About this blog

I’ve experienced an intense life full of passion and sorrow. When I first started, I found myself very inhibited when it comes to expressing my experience in poetry. My poetry doesn’t come close to expressing what I wish it to. It’s too self-conscious.

I realize I had to start a new blog separate from the ones I have. I feel constrained in some ways there. Typecast….of my own volition. I don’t like it.

Here’s a recent poem, one that’s not entirely true:

LOVER OF THE LIGHT

It occurred to me

I no longer want

to play

in the shadows

I’m a lover of the light

and I want to feel the rays upon my skin

No longer bound to you

Or your head-spinning games

I’ll no longer give

While you only take

I’m a lover of the light

and while I was compelled

for a time

to dredge my soul

through the darkness

I know now

I’m a lover of the light

I love that poem, and I also know it’s a half-truth.

I’d have to say that I don’t just love the light. I love the darkness too. There is an ecstasy in the agony. Beautiful, rich, fertile soil for the soul that grows ever more aware of itself.

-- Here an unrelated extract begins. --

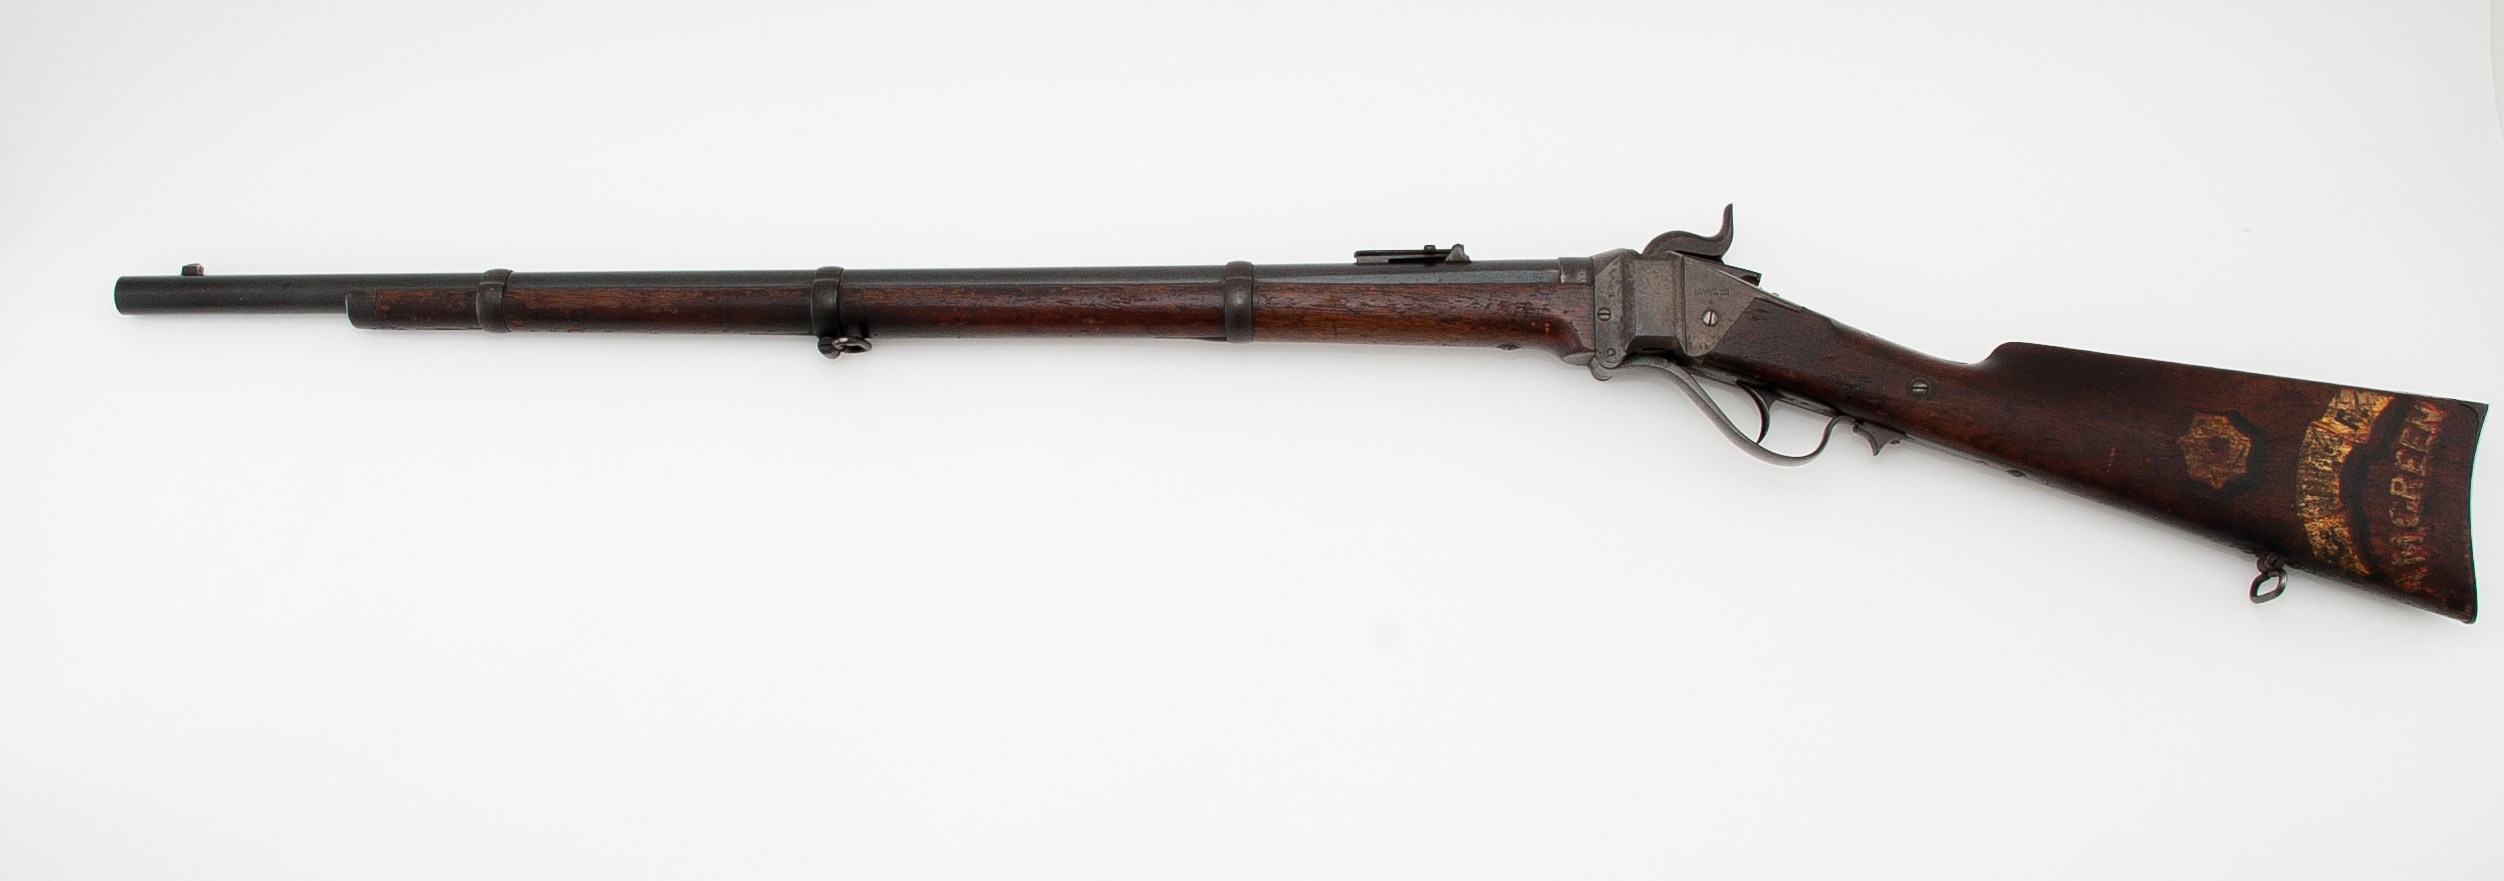 Sharps 1863 Rifle #22

“I love people. Everybody. I love them, I think, as a stamp collector loves his collection. Every story, every incident, every bit of conversation is raw material for me. My love’s not impersonal yet not wholly subjective either. I would like to be everyone, a cripple, a dying man, a whore, and then come back to write about my thoughts, my emotions, as that person.* But I am not omniscient. I have to live my life, and it is the only one I’ll ever have. And you cannot regard your own life with objective curiosity all the time…”

~ Slyvia Plath

There was a time when i was everyone, a cripple, a dying man, a whore, a Madonna, a child of the light and a child of the wild…and on and on…and I can’t begin to pen the words to express the beauty and the tragedy. The things I’ve seen, the things I’ve done, the sadness and madness I’ve danced with…oh…loveliness all.

7 Responses to About this blog

  1. anna mosca says:

    Thank you for the follow! Please be aware that my blog is a bilingual one.
    So you may get links to some poems in English as well as to some in Italian…
    I’m trying to keep the posting balanced between the two languages. Keep up the good work.
    Anna

    • You are very welcome. I noticed the bilingual poetry, it’s all good. My step-dad’s Italian, I wish I had learned how to speak it. Maybe some day I will.

      Thank you so much. Best wishes to you!

      Casey

  2. I’ve nominated your blog for the Liebster Award 🙂 congrats!

    Just follow this link https://beckysonnet130.wordpress.com/2014/04/15/liebster-blog-award/ for all the details and what you need to do next.

    Love your work x

    • Thank you, Becky, that’s so kind of you to say.

      I had just picked up your note when I was at the hospital for an outpatient procedure (minor surgery). After I get some rest, I’ll attend to the details of the award…

      =)

  3. DaPoet says:

    Takers only are Sociopaths. True human beings both give and take what others/Divinity are willing to give to them otherwise one has nothing to give. 🙂

    • Why, hello, Poet. Nice to see you here. =)

      Yes, I get that the takers are sociopaths. But I also believe that sociopaths don’t get that way on their own. They usually were distorted by the parent/authority figures in their lives. The narcissists and psychopaths are irredeemable, but the borderline personality disordered individuals (which have sociopathic/taking habits, too) can actually heal.

      There’s something tragically beautiful about BPD individuals, as well. I have had a girlfriend and a guy friend who had BPD traits (and I actually think we can all act, at times, a little borderline). Over time, I learned a LOT about myself and my care-taking habits. I am an adult child of an alcoholic father and stepfather and a narcissistic mother and married a binge drinker who was the son of a narcissistic father.

      It took me a LONG time to know I attracted dysfunctional people and had been codependent. It took me a long time to look at my own dysfunctional behaviors and the splits in my own psyche from living with and trying to relate to dysfunctional people. We take on the characteristics of them.

      I want to heal, and I will. Well, I am.

      I go to Al-anon and Adult Children of Alcoholics/Dysfunctional Families to help me learn a better way to live and relate to people. They are safe places for me to examine the ways I became dysfunctional from loving and being codependent with dysfunctional people.